I understand how that element of the novel could be…controversial…but it really helps to not only add an unexpected element to the novel, but to flesh things out in general. The sex worker element of the story adds conflict and tension that would otherwise not be there.
But the potential problems with this element of the story has prompted me to really plunge into the backup scifi novel concept I’ve been thinking about. In fact, all I have to do before I start writing the first draft of the novel is sit down and do some character studies.
It is very possible that I will begin the querying process for the main novel in a few months. I have to admit I’m at a loss as to what I’m going to do about that. And, of course, there’s a chance that just as I’m trying to query my first novel, all hell will break loose as The Fourth Turning / The Petite Singularity happen starting in late 2024, early 2025.
But who knows. I can’t predict the future. Anything might happen. And I have to accept that successfully querying my first novel will be like winning the creative lottery. And, yet, the whole point of writing a novel to begin with was to have something bigger than myself to think about.
It is becoming more and more clear to me that I could be nearly 60 years old before I become a published author — if that even ever happens. What’s more, it’s also clear that there is a pretty good chance that if the Petite Singularity doesn’t make all my hard work moot, that some sort of severe political crisis starting in late 2024, early 2025 might just do the trick.

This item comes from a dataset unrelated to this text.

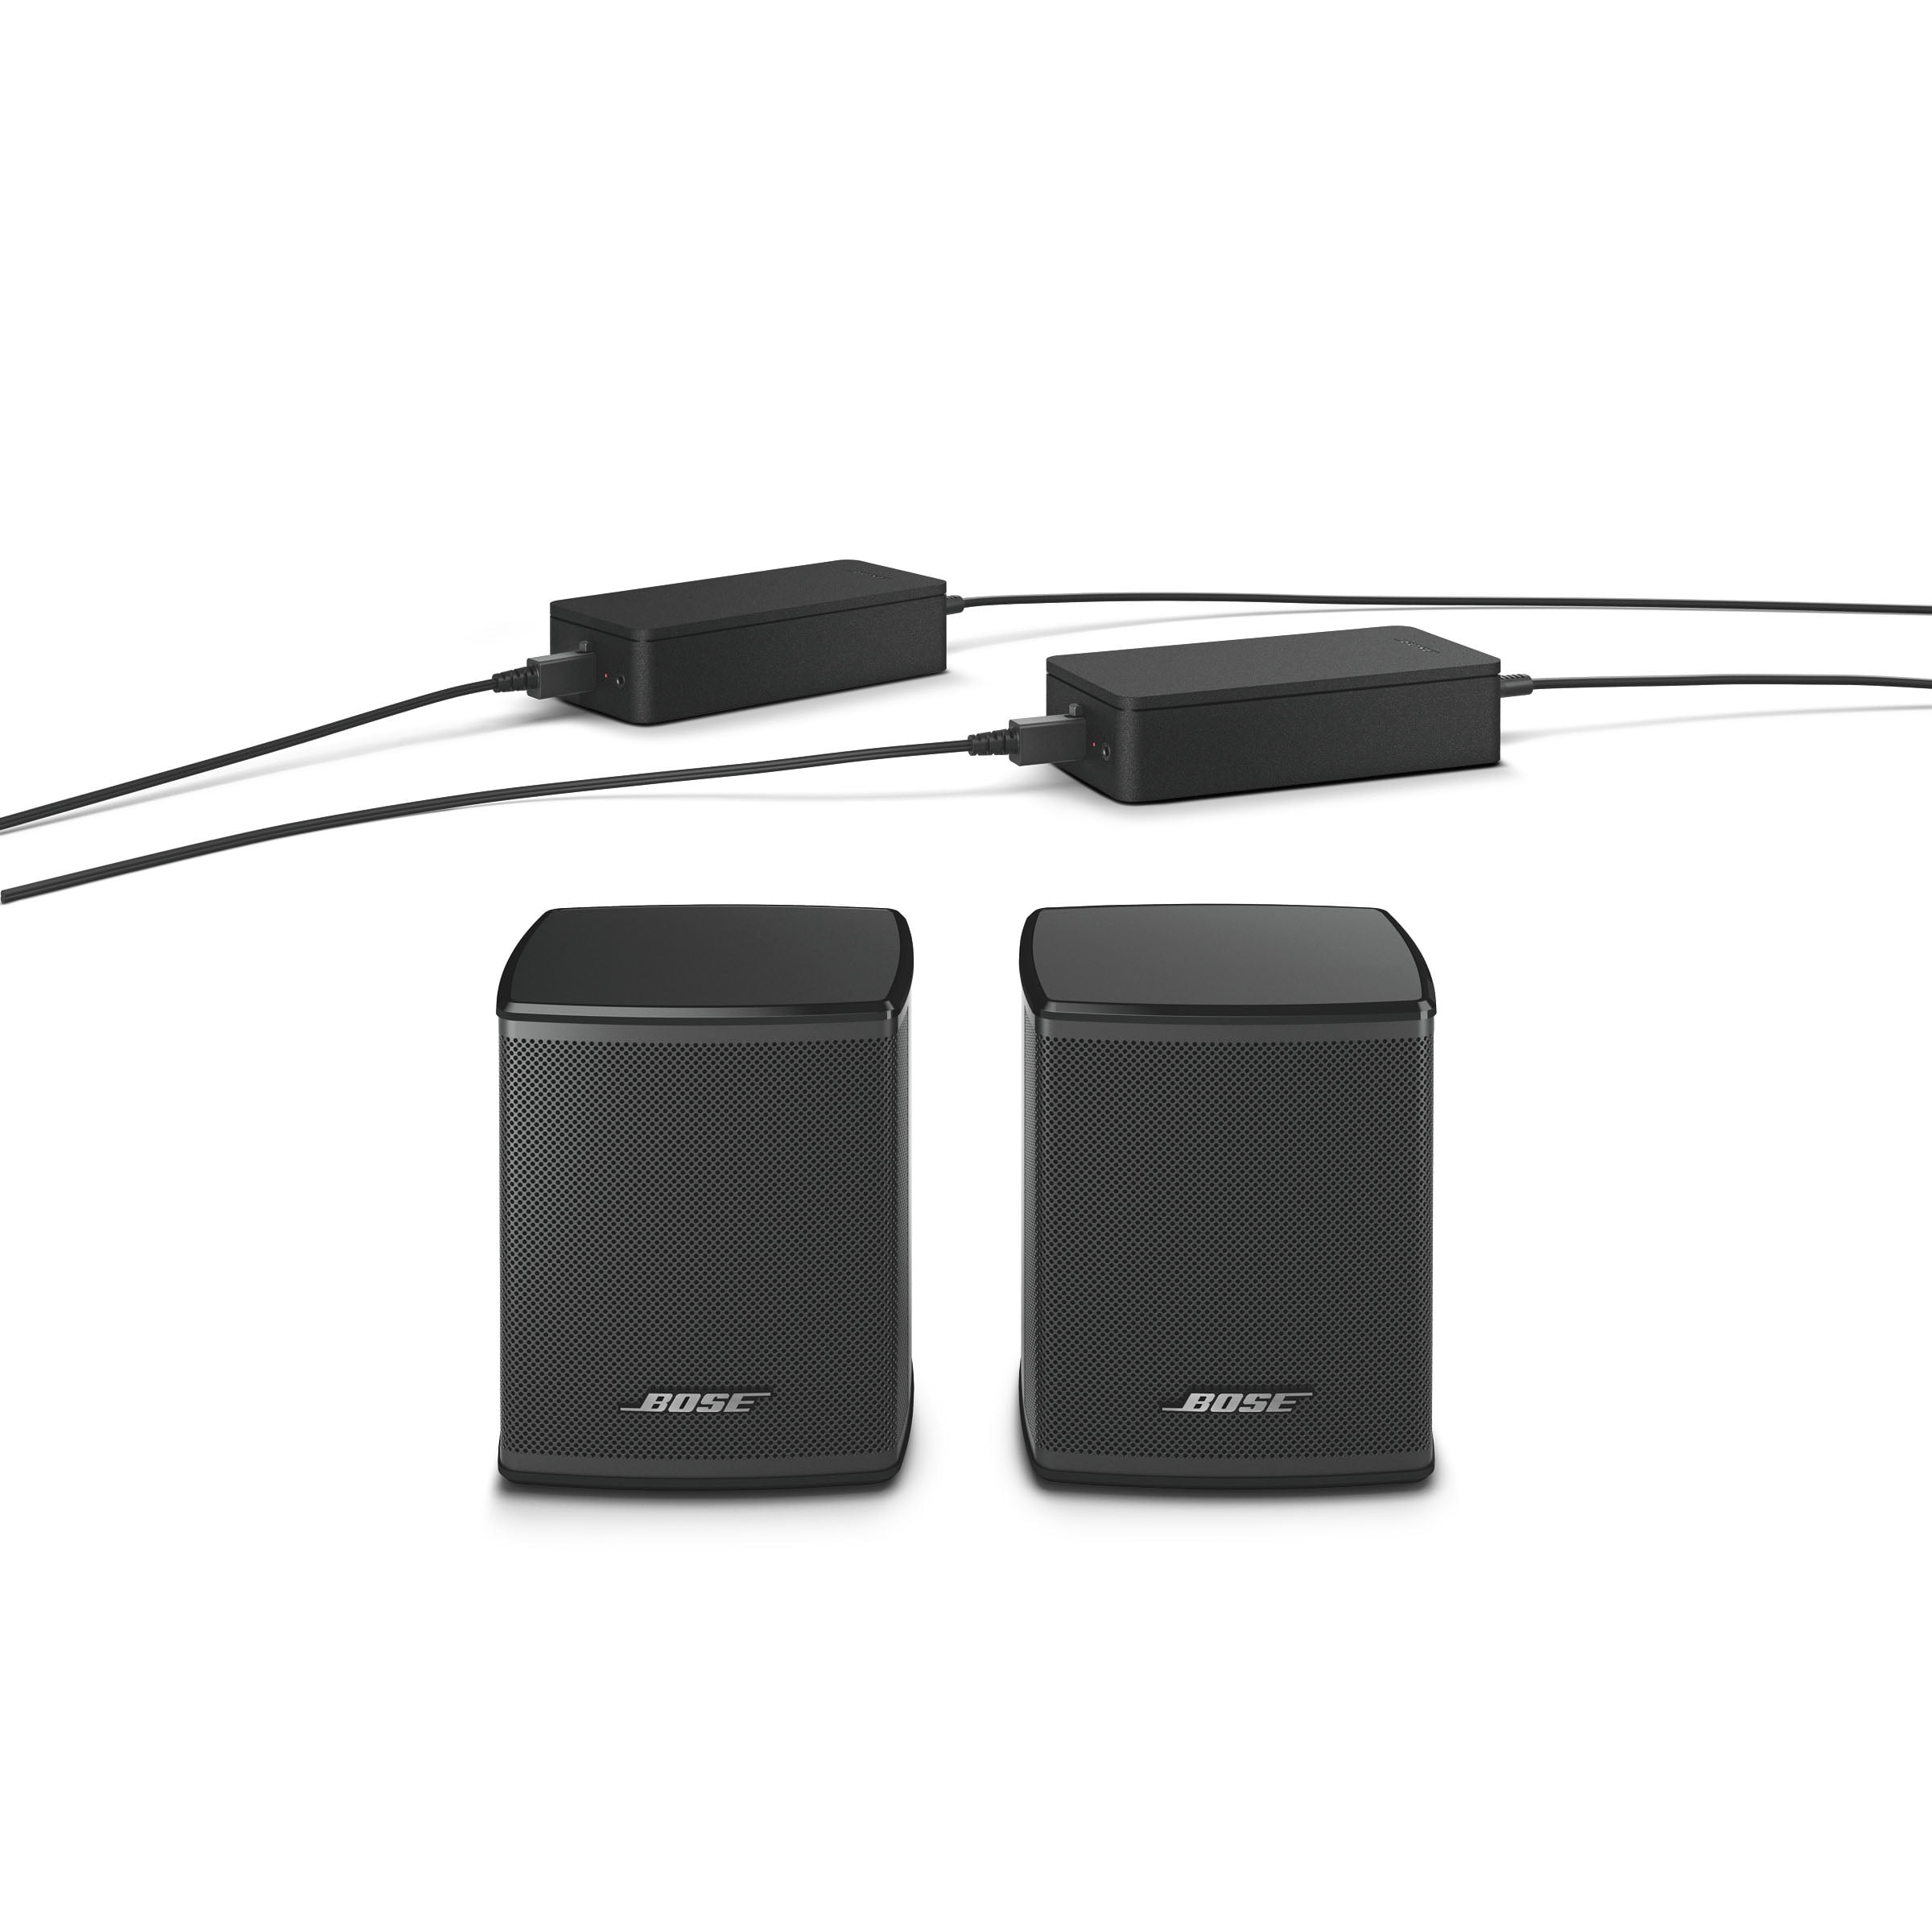 Bose Surround Sound Rear Speakers for Bose Soundbars, Black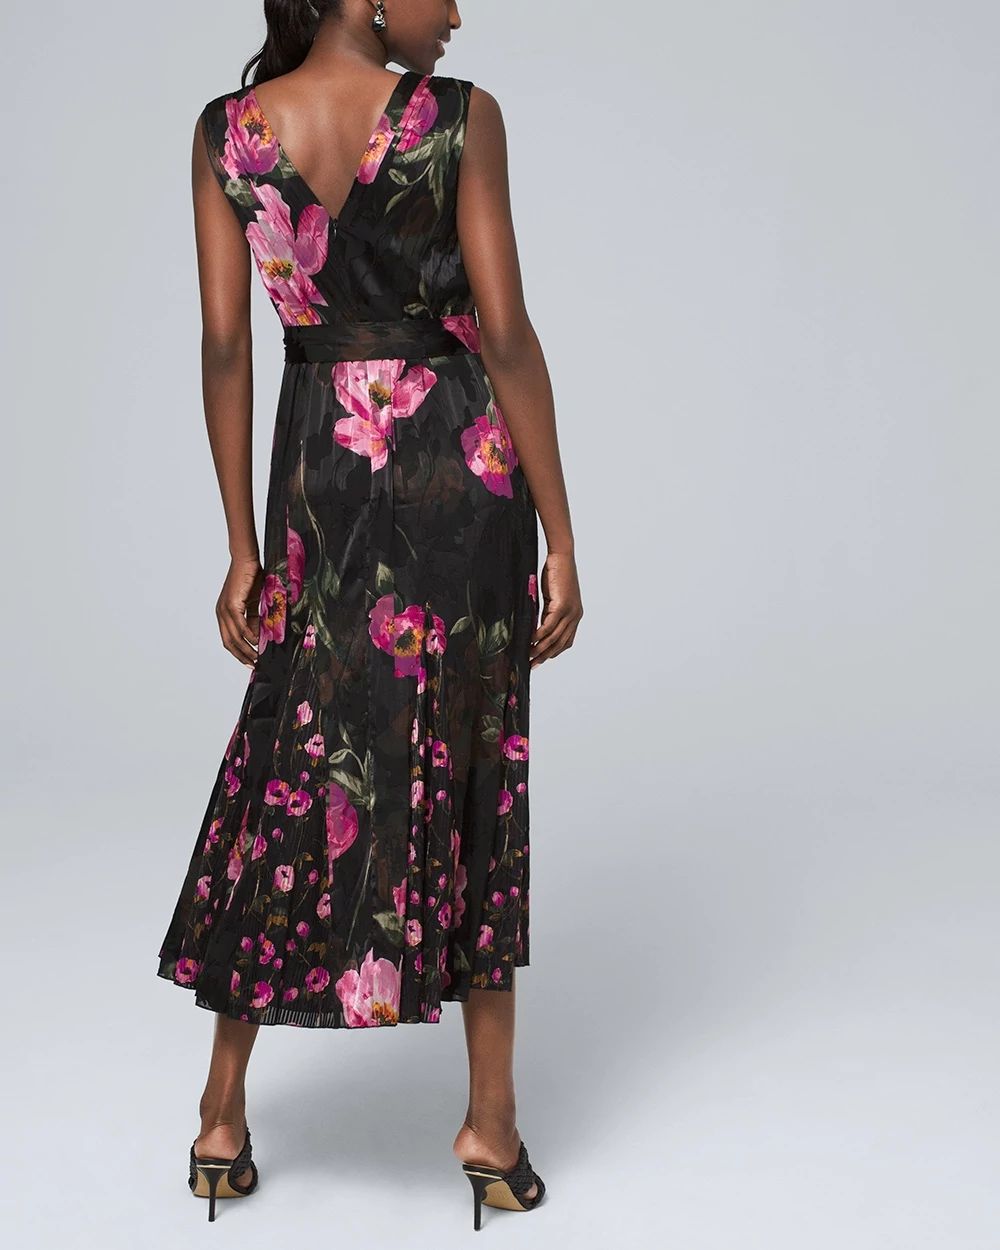 Floral Burnout Midi Dress click to view larger image.

My dream is that my “passion project” main novel is as accessible and popular as Stieg Larsson’s The Girl With The Dragon Tattoo.
And, yet, here I am determined to keep going with two different novels that I’m working on.
The key thing is that I manage my expectations. I’ve decided on an existential basis that I’m willing to use what little time I have left on this planet to at least TRY to become a published author, problems and obstacles be damned. I have a huge chip on my shoulder about my writing ability and I want to the validation of getting the approval of literary gatekeepers.
Having said all that, I am really working on my backup scifi novel. The main novel, the “passion project” has problems because its heroine is a part time stripper at club that she owns. I am WELL AWARE of how problematic this may be to younger people — especially women — but I really like how unique and unexpected this part of my heroine’s personality is and so, lulz, fuck it.
Meanwhile, the backup scifi novel is built from the ground up to be as marketable as possible. That’s the goal, at least.
In an ideal world, one of the two novels will sell and I could use the popularity of one novel to get the other novel published. But I have my doubts about if such a cross-pollination of success is possible, given that the two novels are of such different genres.
Anyway. I am pleased with what I’ve come up with and the goal is to wrap up a final third draft of the “passion project” novel no later that around July 22.